------ DATA TO USE
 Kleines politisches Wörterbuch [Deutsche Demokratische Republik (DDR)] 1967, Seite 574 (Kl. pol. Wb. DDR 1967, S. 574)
------------
------ DATA TO USE
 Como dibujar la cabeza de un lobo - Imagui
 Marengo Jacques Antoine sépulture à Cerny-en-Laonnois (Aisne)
------------
------ DATA TO USE
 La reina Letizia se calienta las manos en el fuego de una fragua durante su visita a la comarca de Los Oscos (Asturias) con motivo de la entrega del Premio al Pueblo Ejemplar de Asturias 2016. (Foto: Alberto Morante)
------------
→ **EXERCISE PROMPT**: Where the line holding "Como dibujar la cabeza de un lobo - Imagui" appears in the listing above, start reproducing exactly, and end with the line holding "Marengo Jacques Antoine".

→ **FINAL ANSWER**:
 Como dibujar la cabeza de un lobo - Imagui
 Marengo Jacques Antoine sépulture à Cerny-en-Laonnois (Aisne)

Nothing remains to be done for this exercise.